**Stored data**
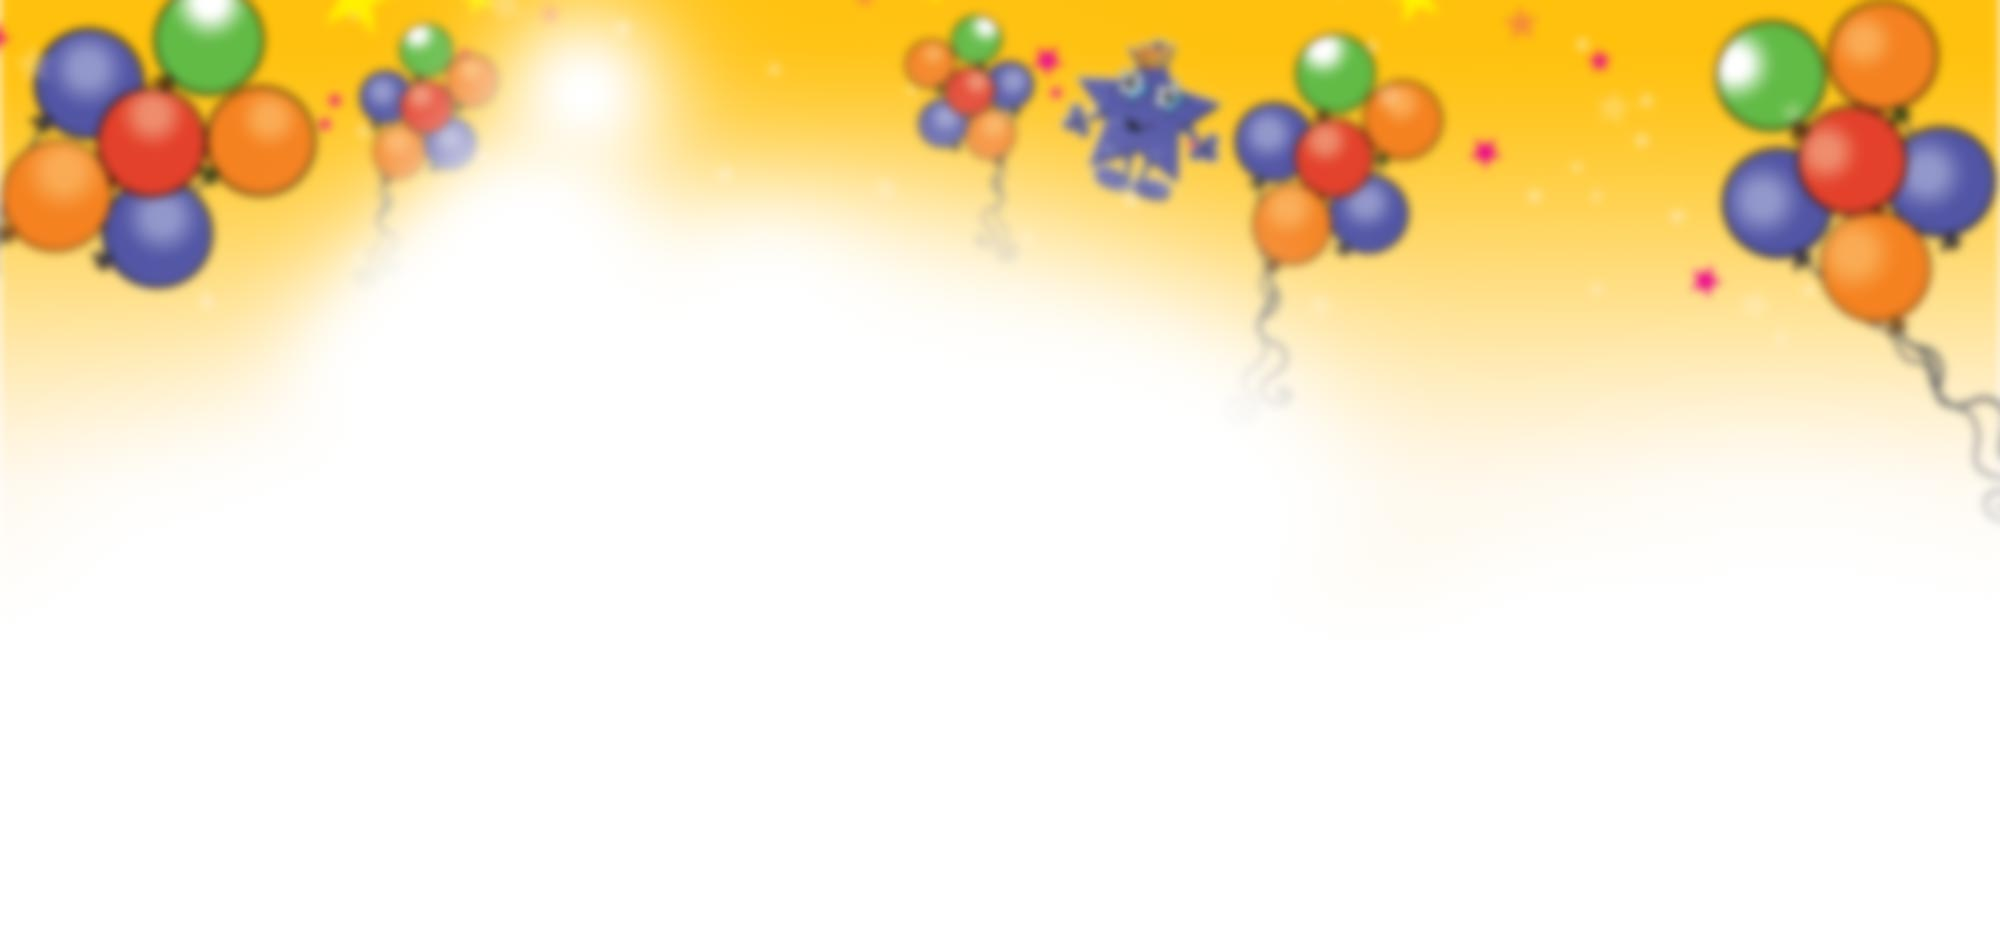 Birthday Celebration Wallpaper - WallpaperSafari
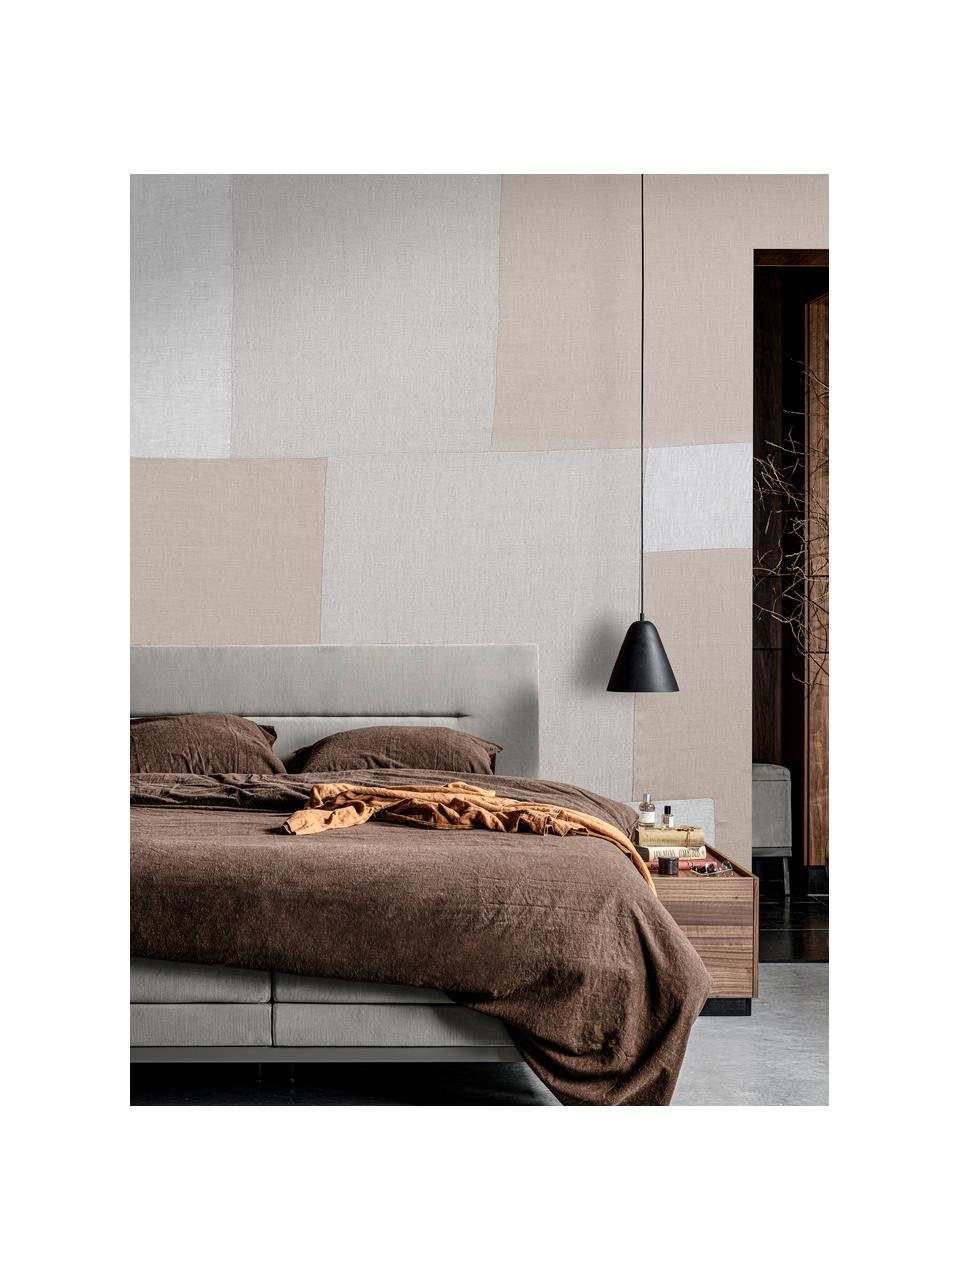 Adesivo murale Patchwork Beige, Tessuto non tessuto, Grigio chiaro, Larg. 300 x Alt. 280 cm
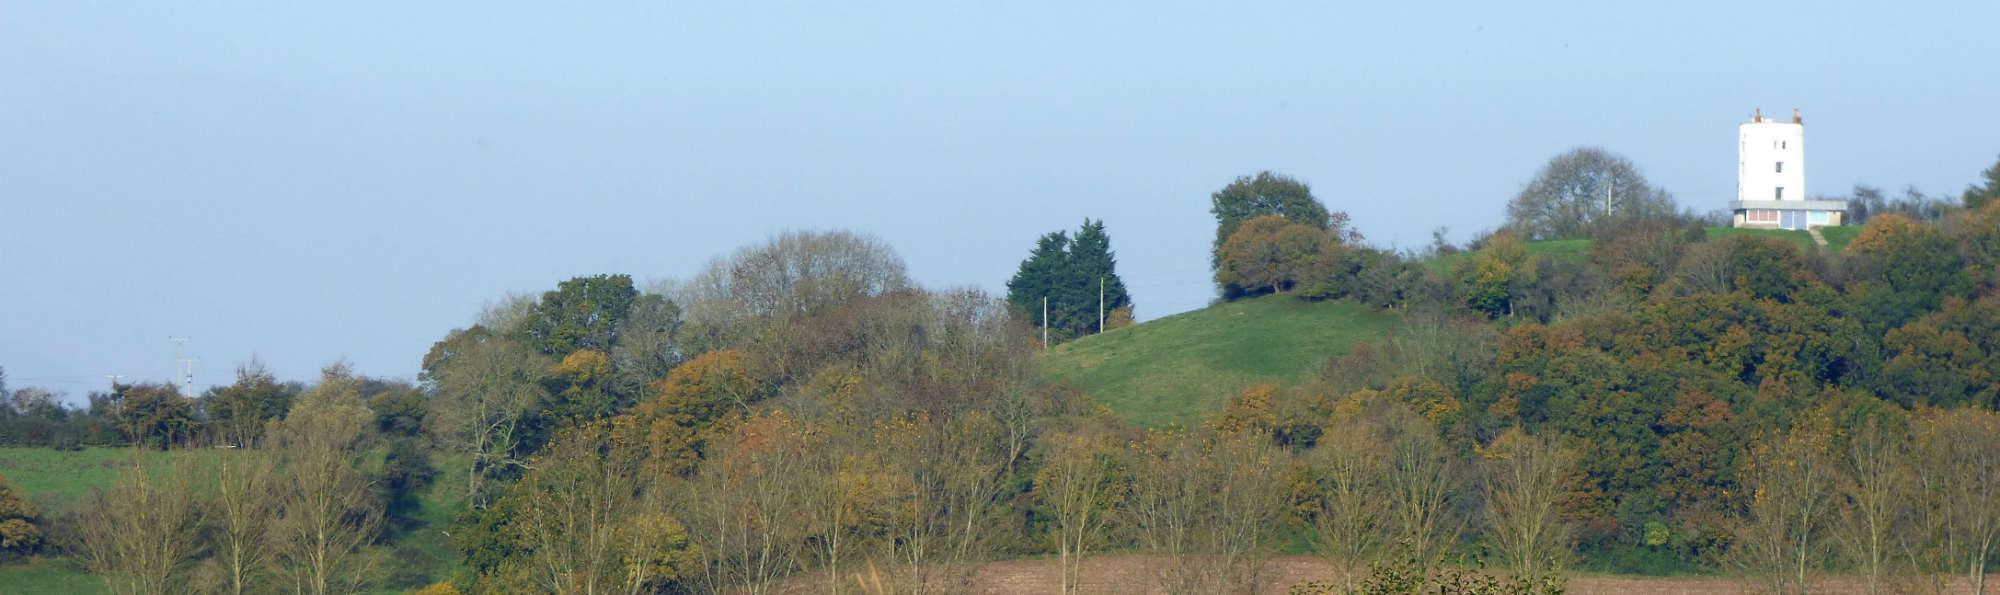 wide image of Walton windmill

**Problem description**
The data above should be repeated in full and exactly, with no pictures carried over.

**Task result**
 Birthday Celebration Wallpaper - WallpaperSafari
 Adesivo murale Patchwork Beige, Tessuto non tessuto, Grigio chiaro, Larg. 300 x Alt. 280 cm
 wide image of Walton windmill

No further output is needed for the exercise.